我有两张桌子Calls
& Vehicles
。 Calls
有电话号码和地址。 Vehicles
有电话号码和车辆号码。 (多辆车可以通话)。我想显示所有呼叫的列表,并显示哪些单元在哪些呼叫上。
类似的东西:
Call Address Vehicles
1 123 Main St A1, B3, C2
2 124 Main St C3
3 125 Main St A2, A3
代码:
$query = 'select calls.call, calls.address, vehicles.vehicle from calls left join vehicles on calls.call = vehicles.call';
$select = odbc_exec($conn, $query);
$while ($data = odbc_fetch_array($select)){
echo"<table>";
echo"<tr>";
echo"<td>".$data['call']."</td>";
echo"<td>".$data['address']."</td>";
echo"<td>".$data['vehicle']."</td>";
echo"</tr>";
echo"</table>";
}
当我这样做时,我会多次列出多个车辆的多个电话。如何通过逗号分隔列表中的车辆进行每次通话中的一次?
答案 0 :(得分:1)
ctreeACE没有GROUP_CONCAT
函数,所以在PHP中也是如此。

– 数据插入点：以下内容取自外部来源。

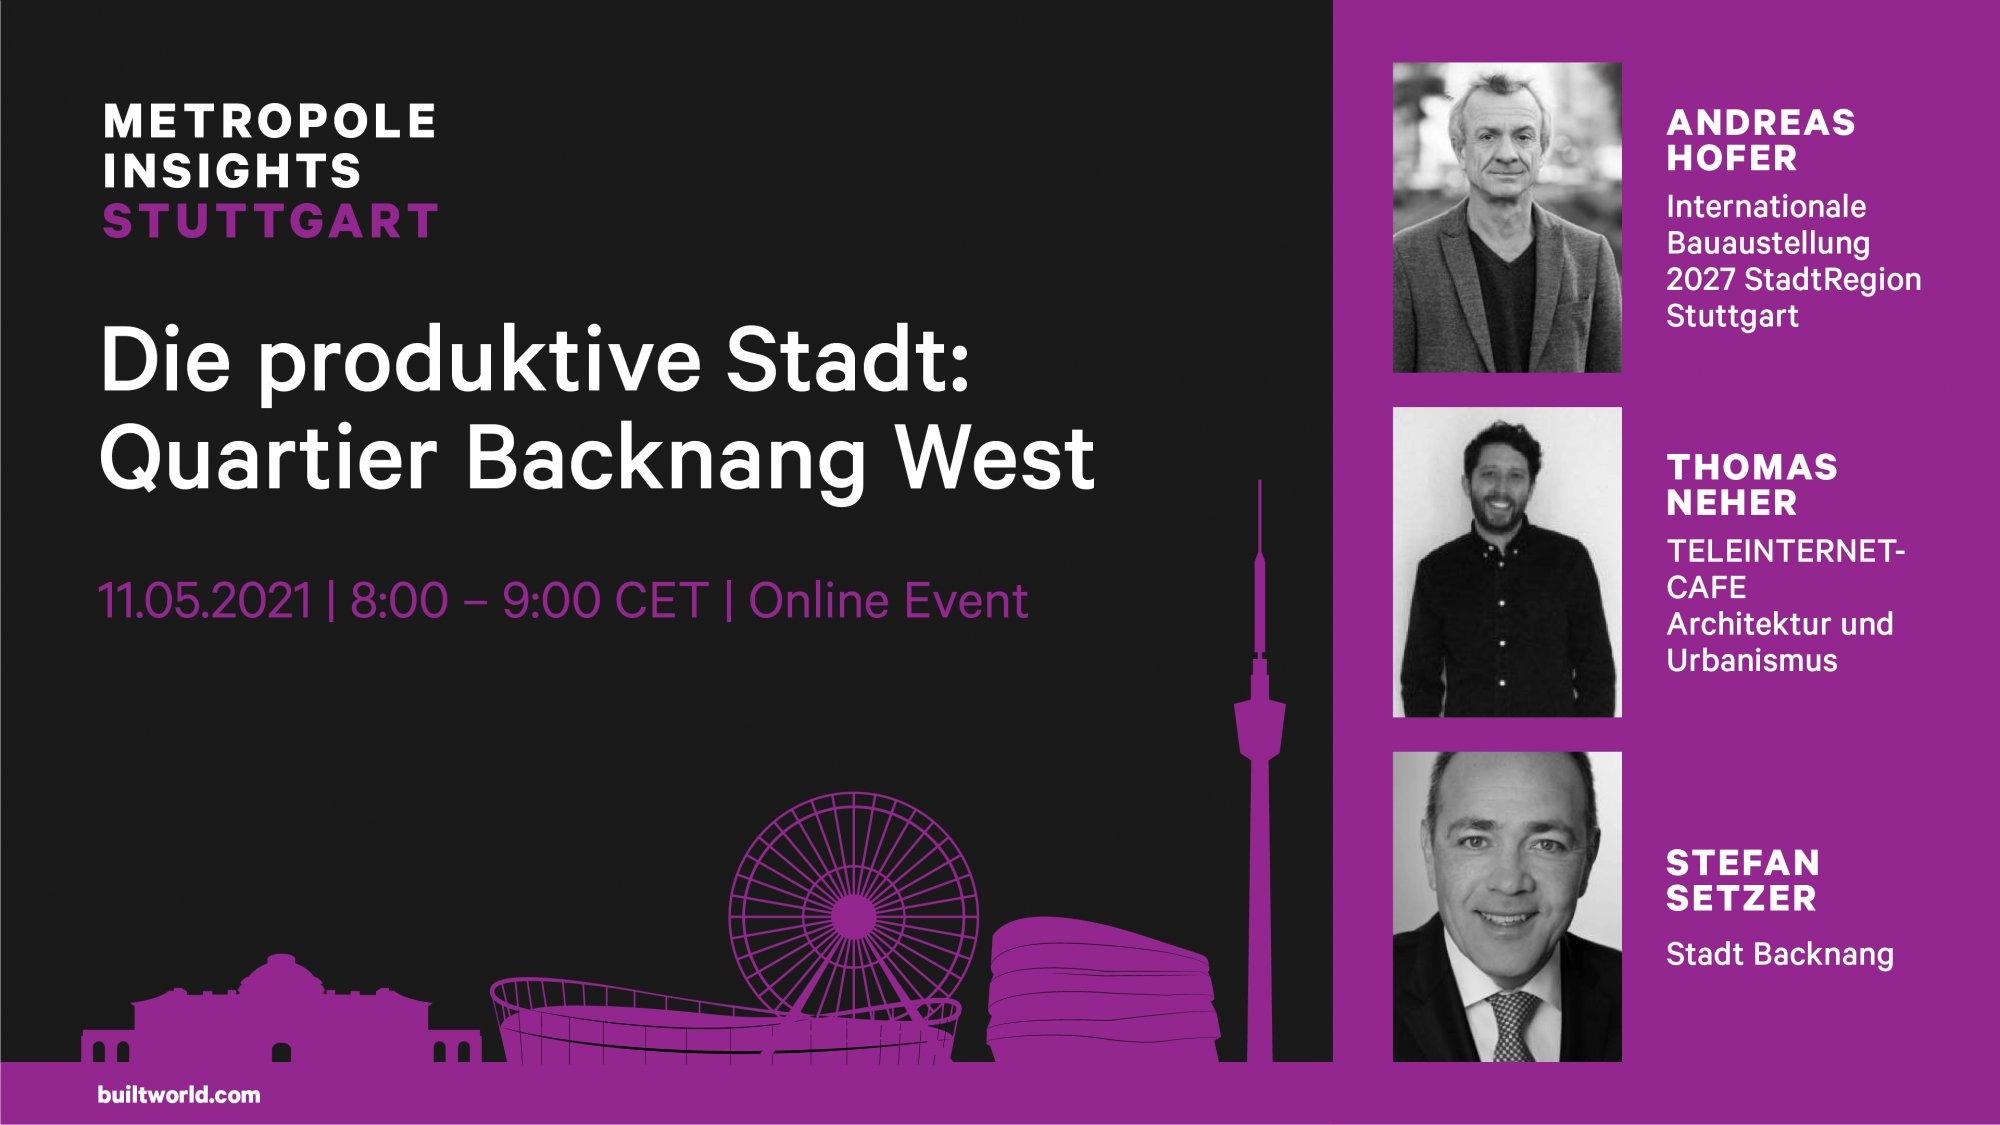 metropole-insights-stuttgart-die-produktive-stadt-quartier-backnang-west

首先创建一个关联数组,其键是电话号码。
$results = array();
$query = 'select calls.call, calls.address, vehicles.vehicle from calls left join vehicles on calls.call = vehicles.call';
$select = odbc_exec($conn, $query);
while ($data = odbc_fetch_array($select)){
$c = $data['call'];
if (!isset($results[$c])) {
$results[$c] = array('call' => $c, 'address' => $data['address'], 'vehicles' => array());
}
if ($data['vehicle']) { // Don't append NULL vehicle that LEFT JOIN might produce if there's no matching row
$results[$c]['vehicles'][] = $data['vehicle'];
}
}
然后遍历它以生成表格。
echo "<table>";
foreach ($results as $call) {
echo "<tr>";
echo "<td>{$call['call']}</td>";
echo "<td>{$call['address']}</td>";
echo "<td>" . implode(', ', $call['vehicles']) . "</td>";
echo "</tr>";
}
echo "</table>";
另请注意,您不应该在循环内启动新表,它应该在循环中。